Information and health privacy legislation

7.6 The Inquiry has sought to assess the adequacy of existing privacy legislation as a framework for protecting the privacy of genetic samples and information and to make recommendations to better protect genetic privacy.

7.7 A key issue identified by the Inquiry is whether information and health privacy legislation should cover genetic samples as well as the genetic information derived from them. This issue is examined separately in Chapter 8. As discussed in more detail in that chapter, the Inquiry has concluded that the Privacy Act 1988 (Cth) (Privacy Act) does not cover genetic samples, even where they are identifiable to an individual, for example, where they have a name or other identifier attached. The Inquiry is of the view that the Act should be extended to cover genetic samples by expanding the definitions of ‘personal information’ and ‘health information’[5] to include bodily samples.[6]

7.8 This chapter briefly summarises the existing legislative framework for the protection of information and health privacy based on the Privacy Act and similar state and territory legislation and its application to the privacy of genetic information.

7.9 At present, national regulation of information privacy is provided by a complex, fragmented and overlapping set of federal, state and territory legislation.

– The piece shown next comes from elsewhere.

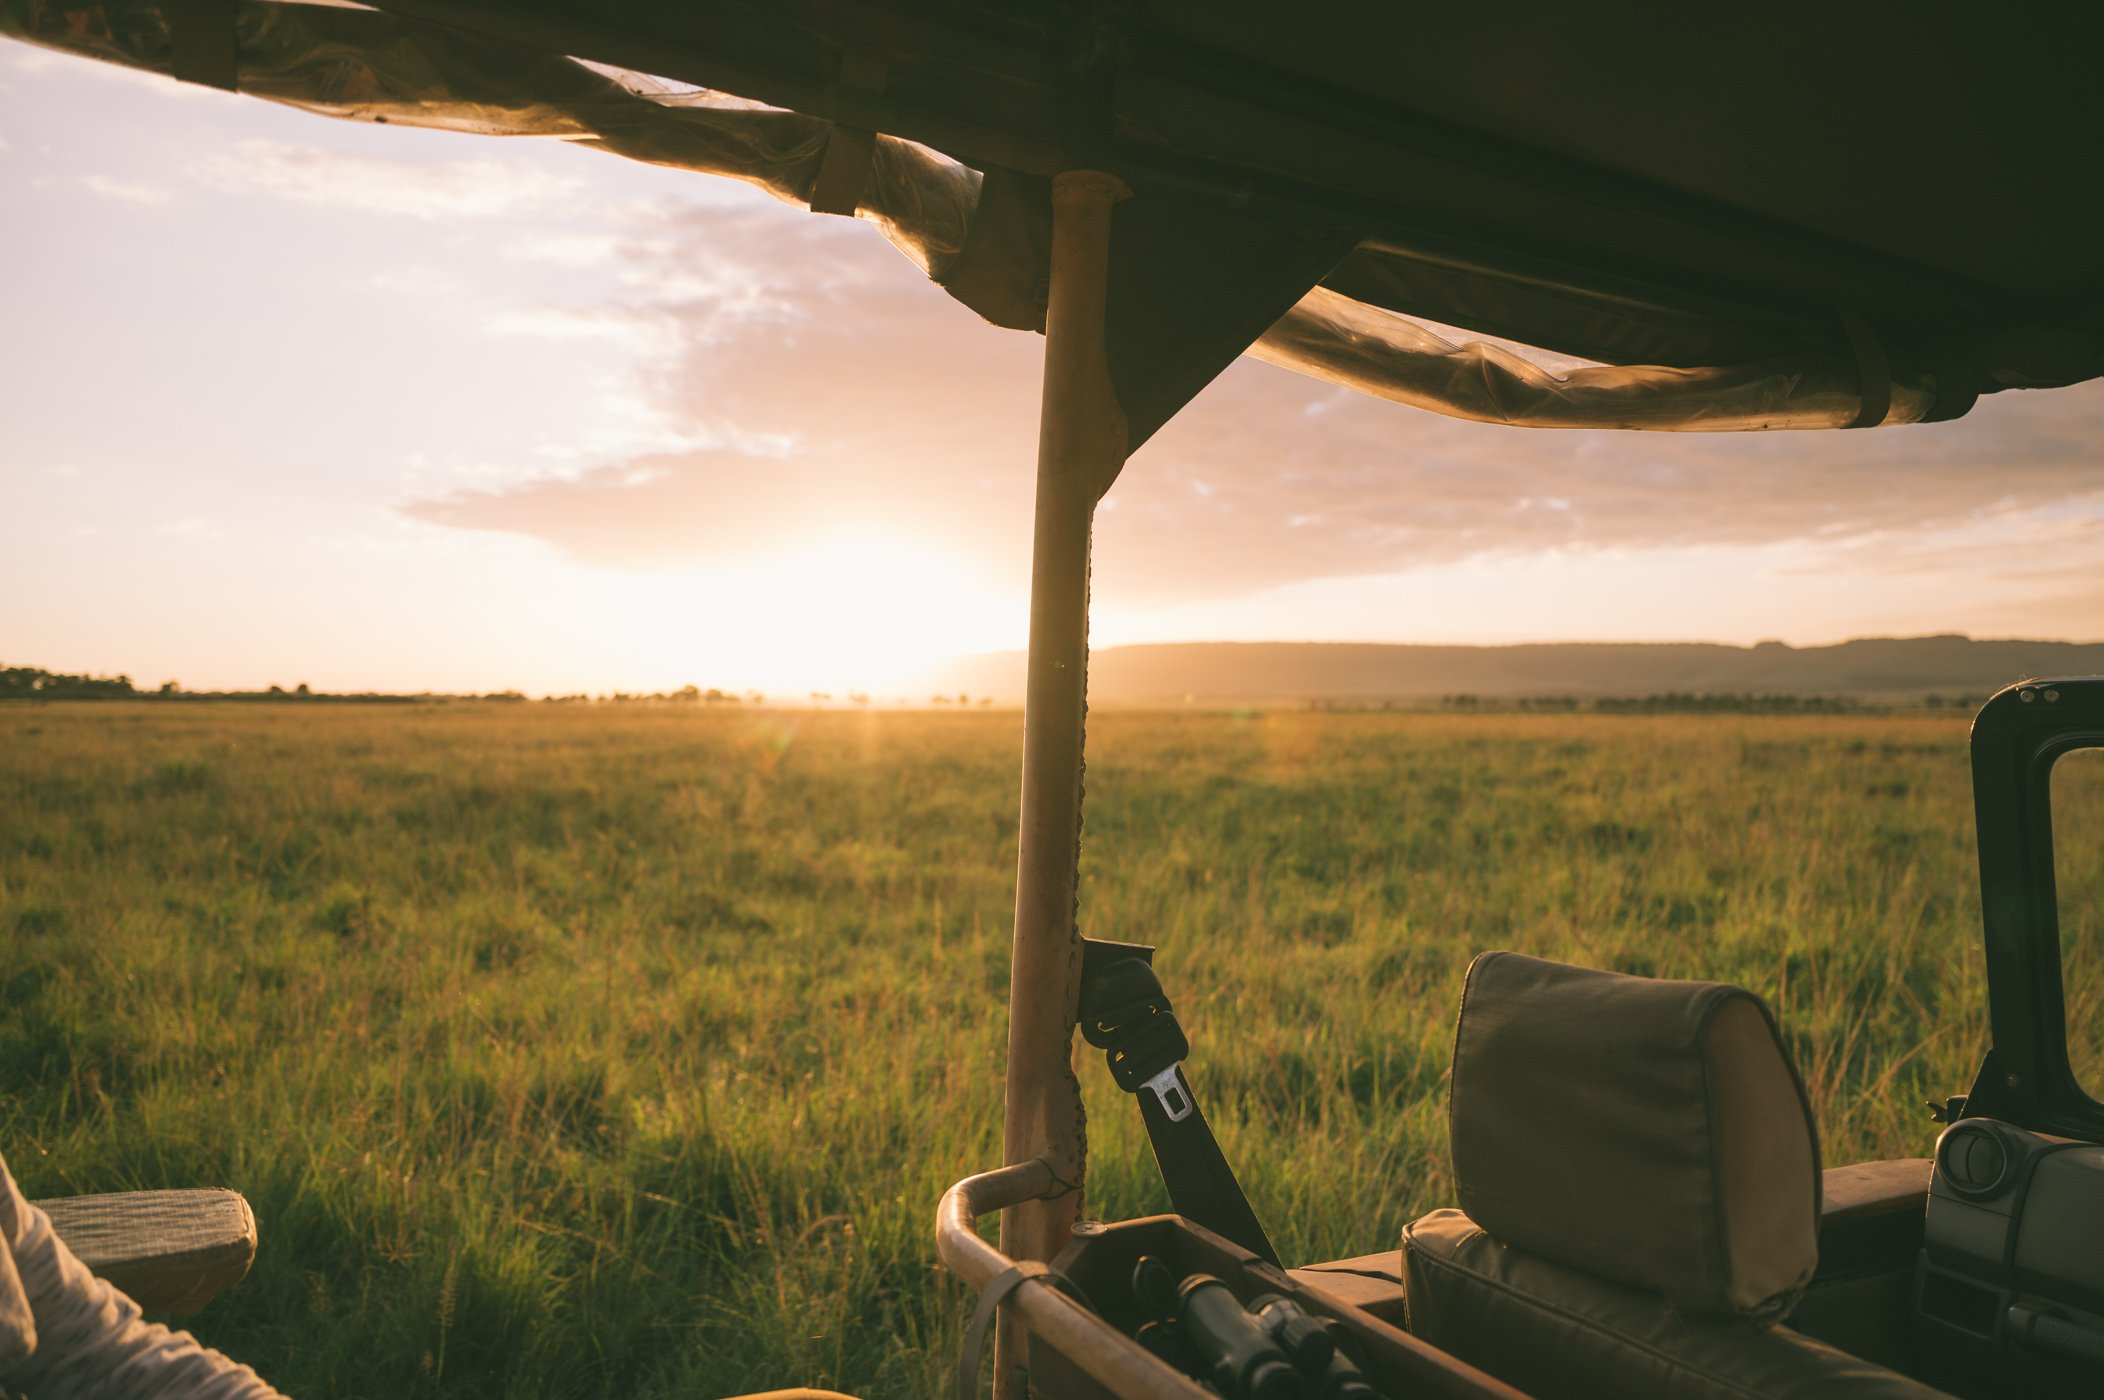 Sunset in the Maasai Mara in Kenya with andBeyond

This chapter discusses whether there is a need for uniformity or greater harmonisation of laws concerning the privacy protection of human genetic information and, if so, on what basis.

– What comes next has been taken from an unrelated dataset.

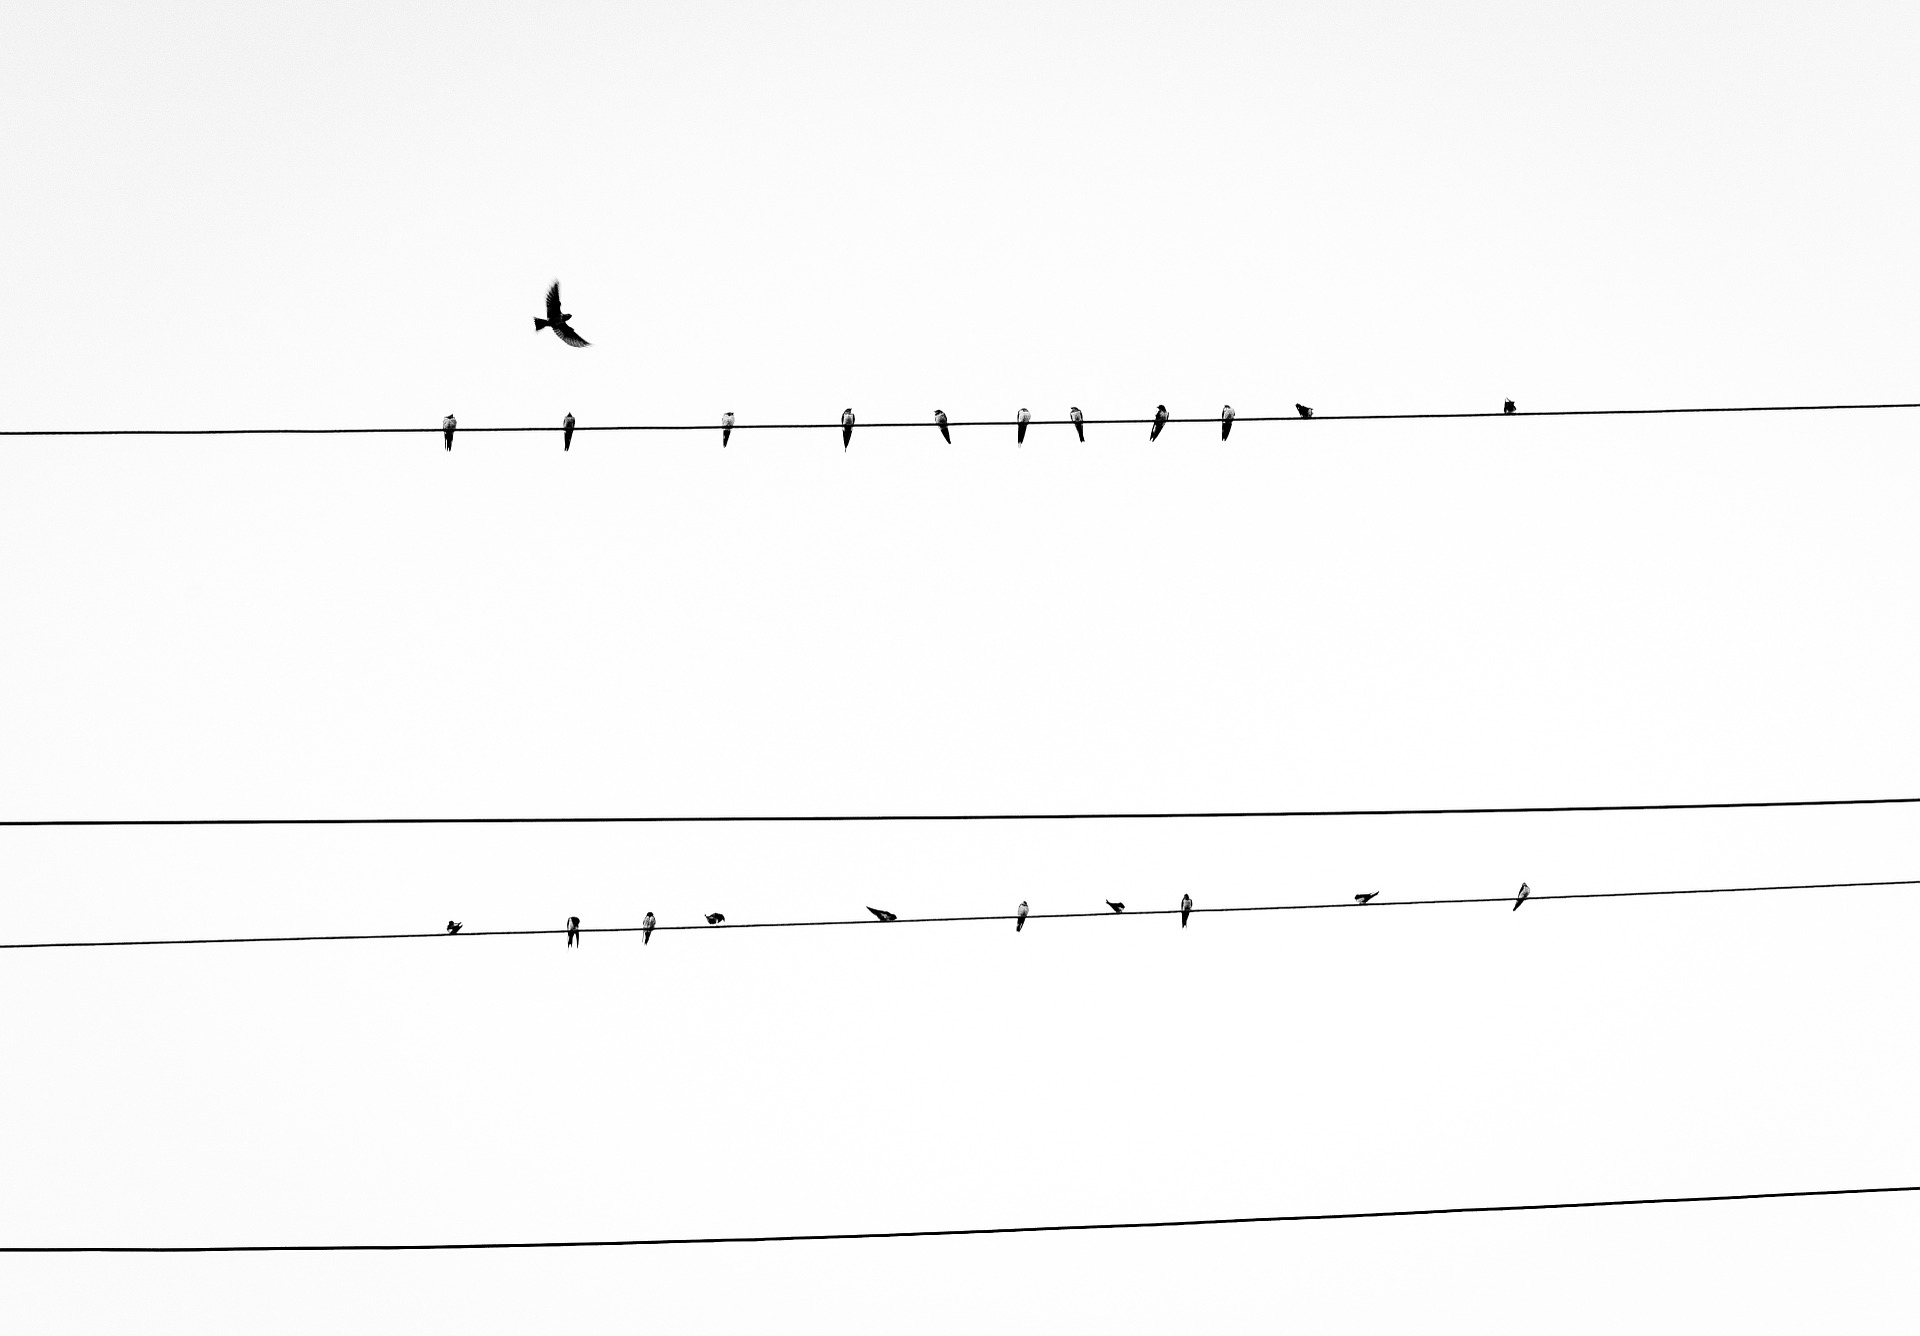 electrical-line-1149980_1920.jpg

7.10 The Inquiry has concluded that, while some inadequacies in the existing legislative privacy framework can be identified, these are best remedied through changes to general information and health privacy laws (including the Privacy Act), rather than through developing a new regulatory framework for the protection of genetic information specifically. This chapter examines the reasons for this conclusion.

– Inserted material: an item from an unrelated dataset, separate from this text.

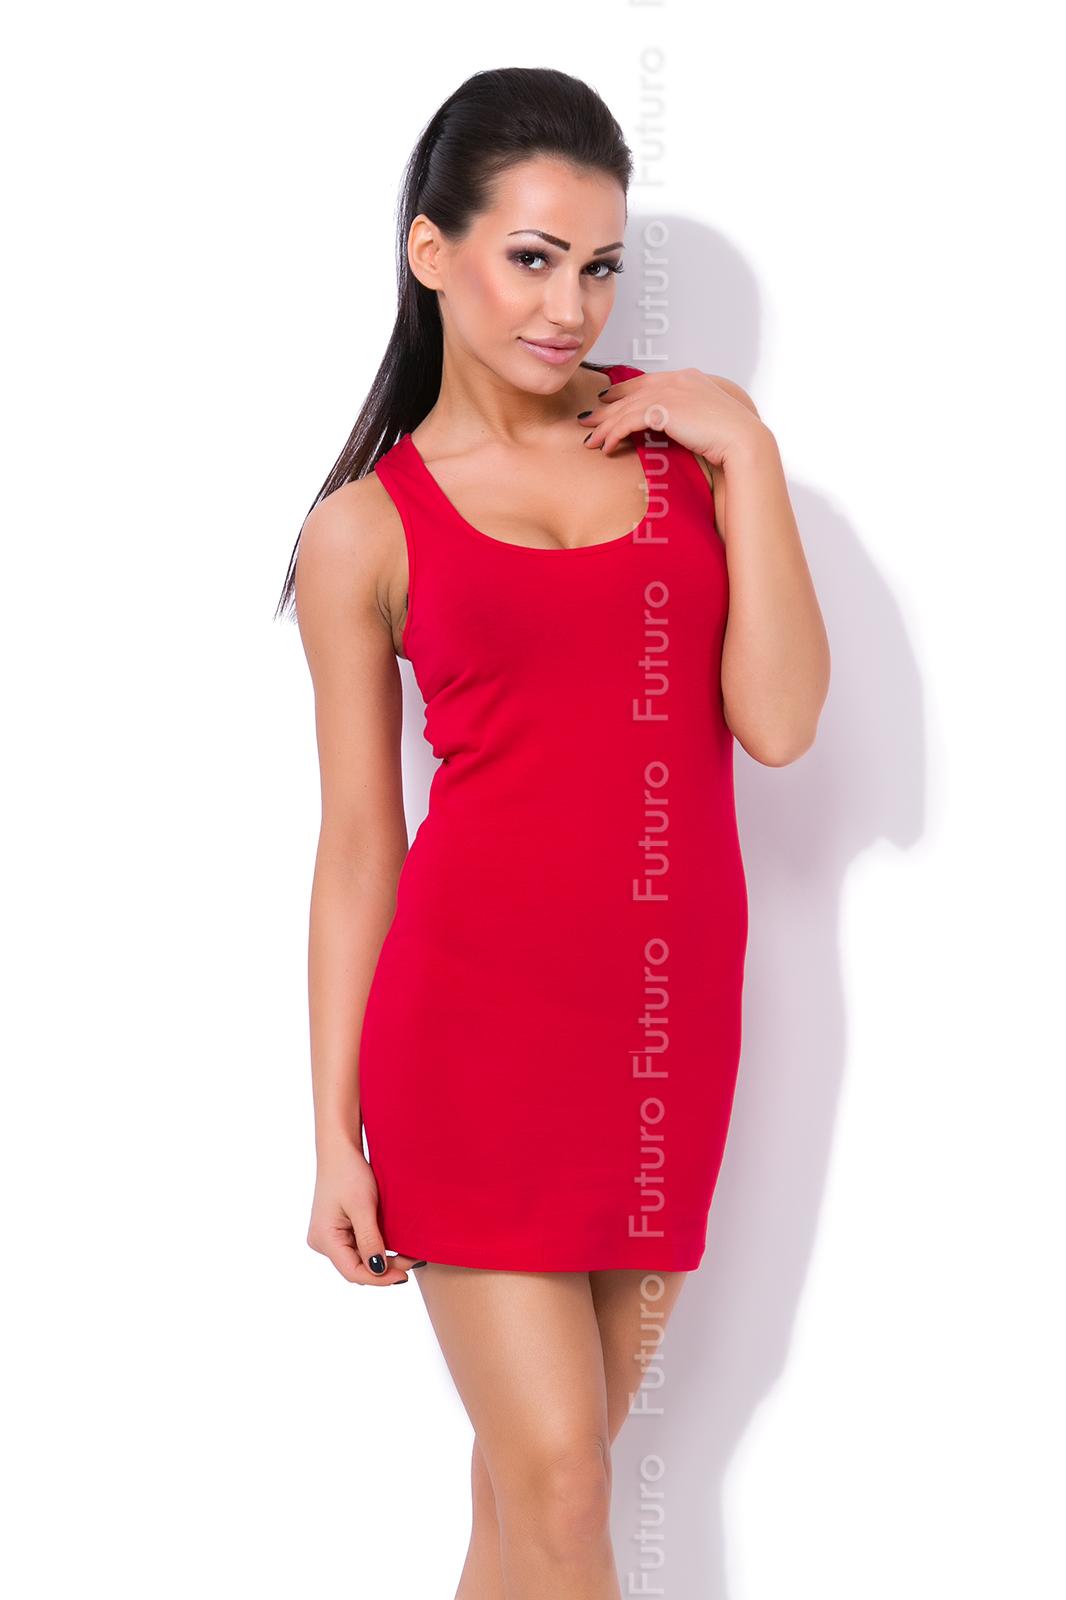 Womens Summer Casual Vest Tank Top Plain Boxer T-Shirt One Size 8-12 FT1003

7.11 On the assumption that the Privacy Act (amended as proposed in this Report) will continue to form the legislative underpinning for the privacy protection of genetic information, this chapter also examines a range of issues relating to the coverage of the Privacy Act.

[5]Privacy Act 1988 (Cth) s 6.

[6] There are other mechanisms through which privacy protection of genetic samples could be pursued. These include recognising new property rights in genetic material or amending the Human Tissue Acts to regulate the collection, storage, use of, and access to, genetic samples. These options are examined further in Ch 20.